Would that work? Also, are there other places in smf2.rb where I’d need to make a similar change?

Hi there, by “deleted” do you mean that they’re actually deleted from the SMF database, or are they still in the database with their username and email and marked as suspended? How do posts by those “deleted” users currently display in SMF?

I’m in the middle of a huge migration from Drupal to Discourse, also from a long-established forum with tons of suspended users. I definitely wanted to maintain those same suspended usernames and their associated email addresses in Discourse, so I had to add that function to the Drupal importer script for Discourse. Basically the script imports all the users as normal active users, and if they had any publicly visible posts those will also get imported just like on the original forum. Then at the very tail end of the process I added a function that I lifted from another importer script to go through the Drupal database and if the user was marked as suspended to also suspend the Discourse account. You can see the code for that in my post history here.

1 Like

Hi. The users are actually deleted, i.e. there’s no longer a record for them in the smf_member table. SMF doesn’t have a function to suspend users. You can ban users, but that doesn’t seem right do to for an account where the user has died or lost interest in the hobby/forum. It’s not really right from a data protection perspective either.

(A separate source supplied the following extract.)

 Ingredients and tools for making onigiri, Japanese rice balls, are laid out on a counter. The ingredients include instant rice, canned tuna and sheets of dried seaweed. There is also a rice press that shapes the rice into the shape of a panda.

SMF posts have two fields stored for each record…the user member number, which is set to zero for deleted users, and the poster name, which contains the username of the poster. So you can see which user posted the message but there are no longer any details (email, full name, etc) available for the user. Their posts have a ‘Guest’ marker when displayed.

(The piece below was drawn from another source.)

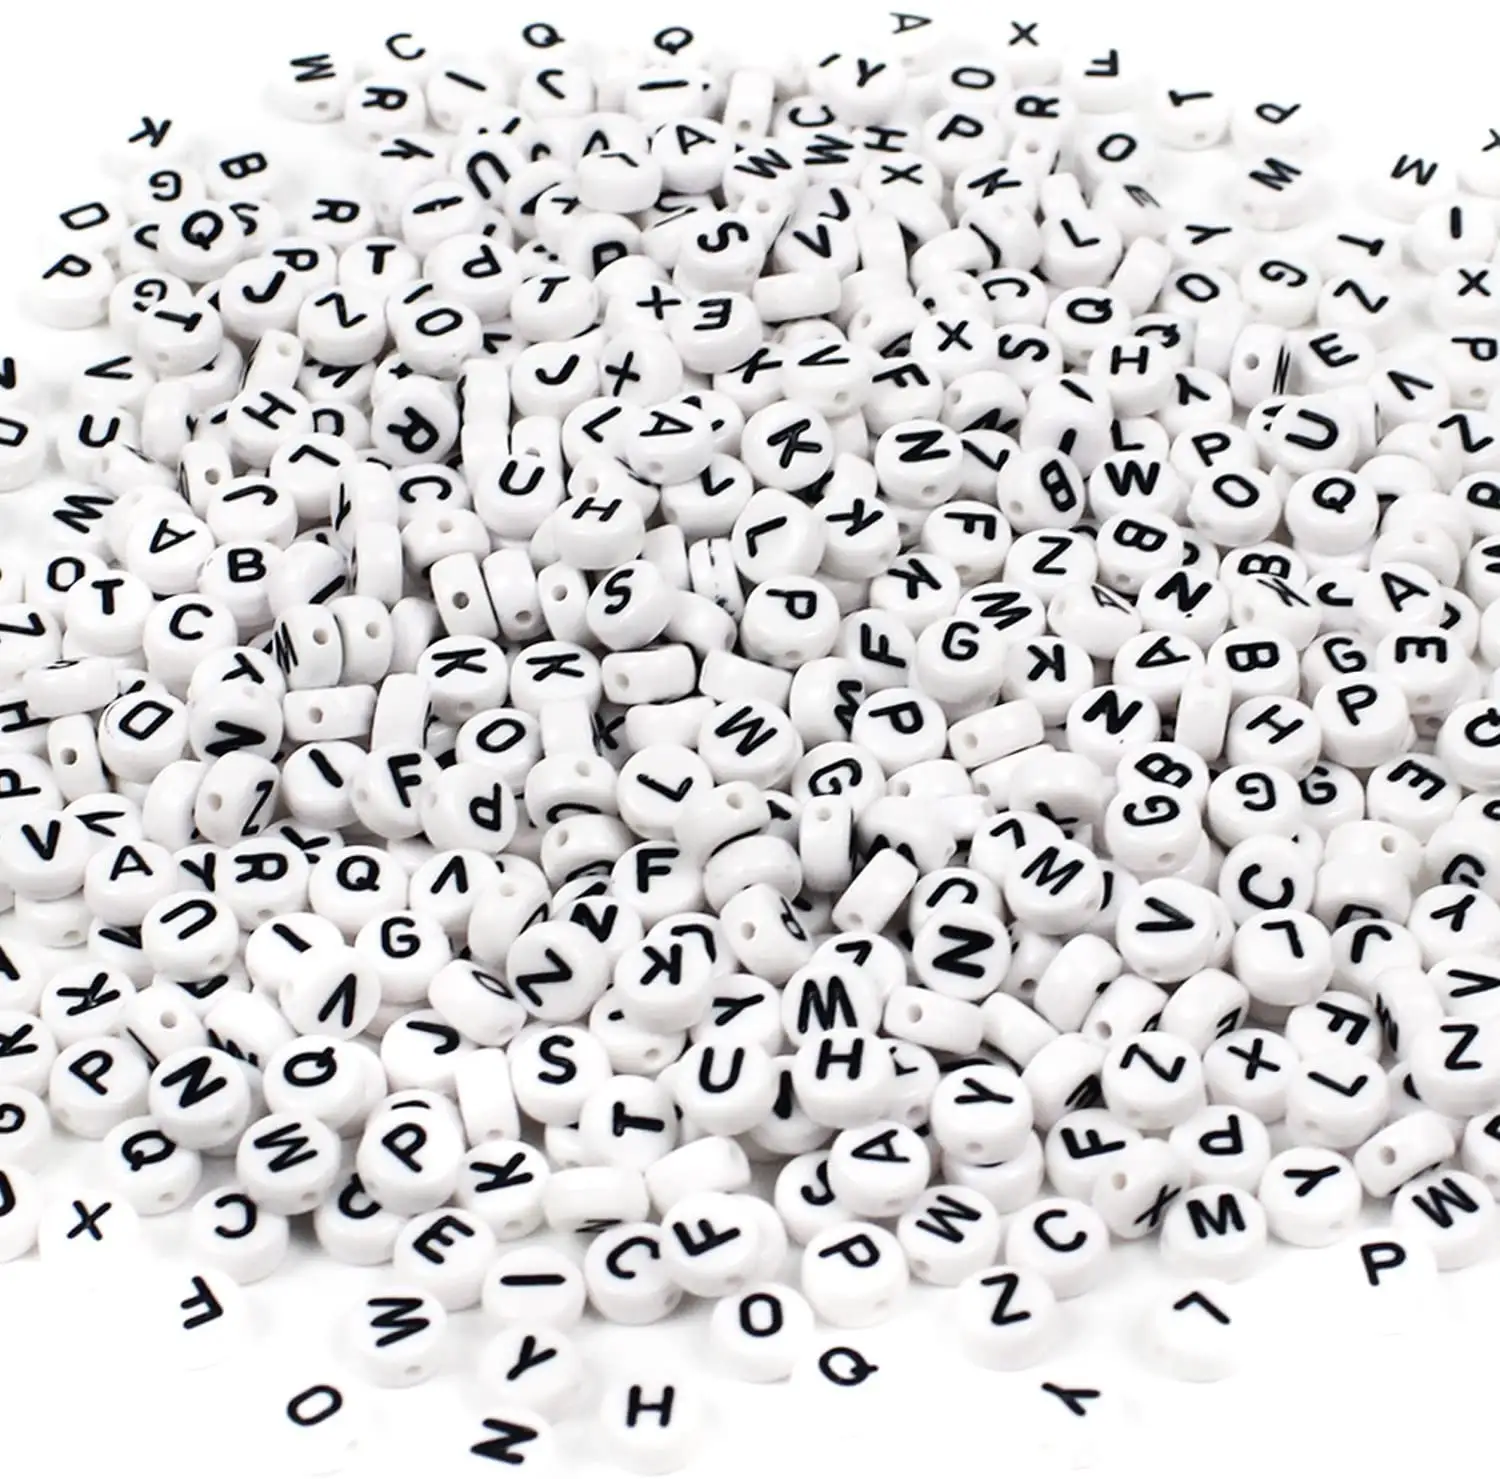 Letter Beads Round Shape A-Z 600 pcs/Bag 4 x7 MM Acrylic White Round Letter Beads for Bracelets and Jewelry Making, with Thread

I guess I could create a new user account for every user who has posted a message that has a member ID of zero and assign a dummy email address for the account, then mark the user as suspended afterwards. I could mark accounts as suspended based on the format of the dummy email account if I used something unique but identifiable. That feels a bit weird in some cases though…creating accounts for people who I know died 10-15 years ago!

I have time to think about this though…the migration partially worked but I now have to figure out why attachments weren’t attached, in-forum links weren’t modified and why passwords for migrated users don’t work. There may be other problems too, but I’ll work at fixing those problems first and then see what else crops up.

You mean Postgres? I’m not sure what this is about.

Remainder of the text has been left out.